# Summer Camp Bunk SFX



## bigleen (Jul 9, 2011)

At work we are making a HUGE haunted house and Im creating the sound track. 

Its sounding great but I just dont know what to use for Summer Camp Bunk SFX.

Im just using alot of reverse reverb on kids voices but its not working out too well.

Any ideas??

Many Thanks


----------



## Dark lord (Jan 8, 2007)

maybe a little more info on what your looking for in the SFX that you need for your summer camp bunk. Is it haunted children sounds of ghost children that died at this summer camp years ago ? Did you want background sounds like a campfire, crickets, creatures lurking in the night waiting to pounce ( growls, snarls,etc )....?


----------



## bigleen (Jul 9, 2011)

This is where im kind of stuck...I want it to sound like the inside of a bunk in a summer camp....not campfires and outdoor stuff. The premise is....its a camp where all the bad children went and all that is left is a haunted camp ground...we have the forest, canteen, mess hall, latrines, campfire and infirmary


----------



## Dark lord (Jan 8, 2007)

Hmmm, sounds of light wind / breeze blowing thru, squeaks of bed springs a little here & there, creaky floor board , of course the echoes of children fading into demonic / twisted children & then back to normal-ish whispers..........ghostly small foot step sounds


----------



## bigleen (Jul 9, 2011)

Cool....i like the ideas...i'll have to give them a shot...any cool sites for downloading sounds? im using freesound.org at the minute and just twisting up the sounds


----------



## jboybrown (May 31, 2012)

why not have a radio soundtrack just like changing the station alot and static lol. and the same with a t.v.? idk just a thought


----------



## Dark lord (Jan 8, 2007)

bigleen said:


> Cool....i like the ideas...i'll have to give them a shot...any cool sites for downloading sounds? im using freesound.org at the minute and just twisting up the sounds


I usually do over searches & grab bits & pieces I need and create full sounds as I need then tweak them.........I can see what I can find for you.
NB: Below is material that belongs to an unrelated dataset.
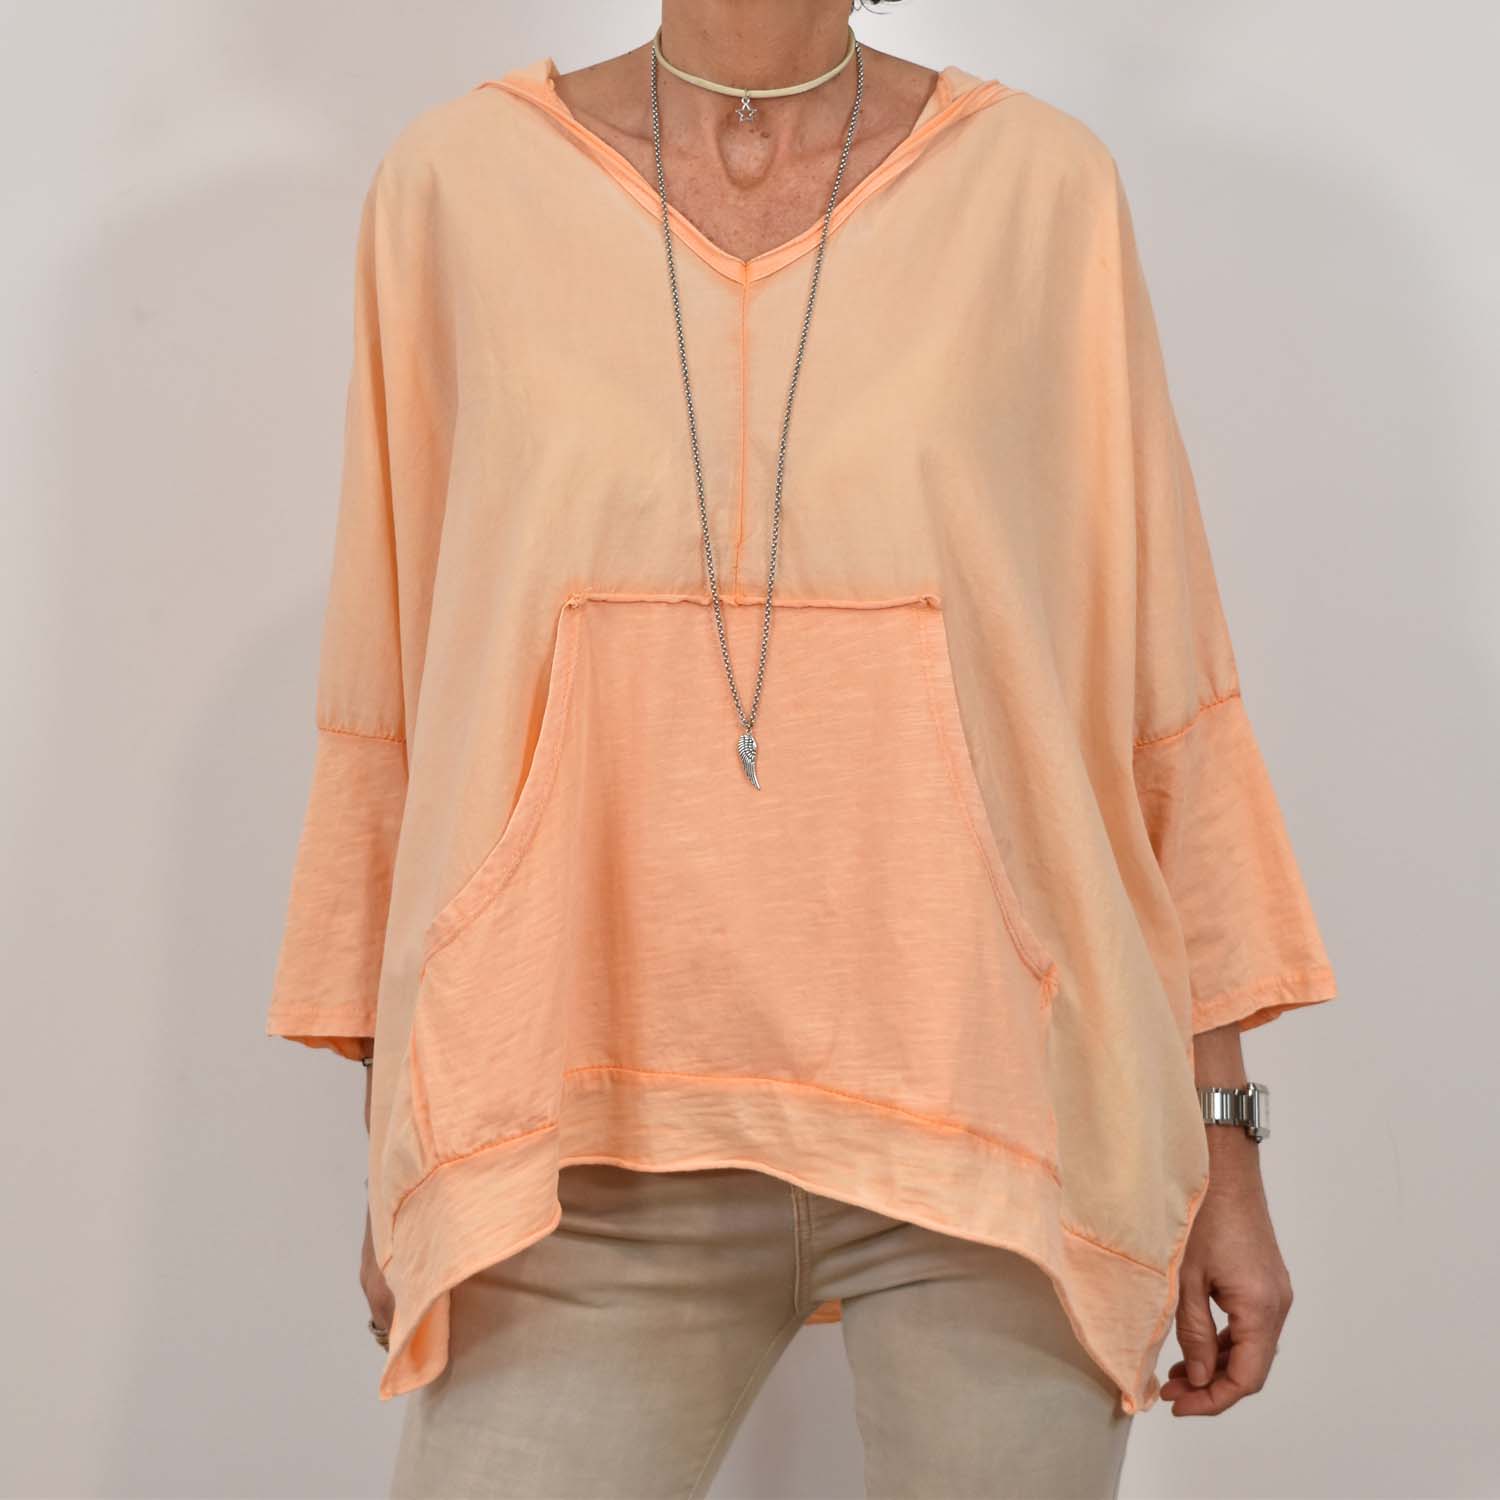 Sweatshirt coutures oversize orange fluor

jboybrown- I like the idea of a radio, I don't think they would have had a tv in the bunk though, kids were supposed to become with nature & away from reg stuff like tv's & radios.......


----------



## Dark lord (Jan 8, 2007)

Sound dogs is a good one, ( search bed springs ) http://sounddogs.com/extendedsearch.asp

- For some reason I can right click & save these, even though they have a purchase cost........??


----------



## bigleen (Jul 9, 2011)

wow....thanks for the idea guys i really really appreciate it. I like the radio idea too...Thanks jboybrown...and Dark Lord of course...u reply soooo fast!!


----------



## Dark lord (Jan 8, 2007)

If you do go with a radio, I would use oldies, maybe even some of the oldie Halloween haunting story ones, maybe the old "jeepers creepers" song aged up.

If you need any help I have a lot of good stuff I've saved & created over the years


----------



## bigleen (Jul 9, 2011)

Yeah that would be awesome if you could send me some of that stuff Dark Lord.

Thank you so much!!!


----------



## Dark lord (Jan 8, 2007)

bigleen said:


> Yeah that would be awesome if you could send me some of that stuff Dark Lord.
> 
> Thank you so much!!!


PM me an email addy & I'll send ya a few zip files !


----------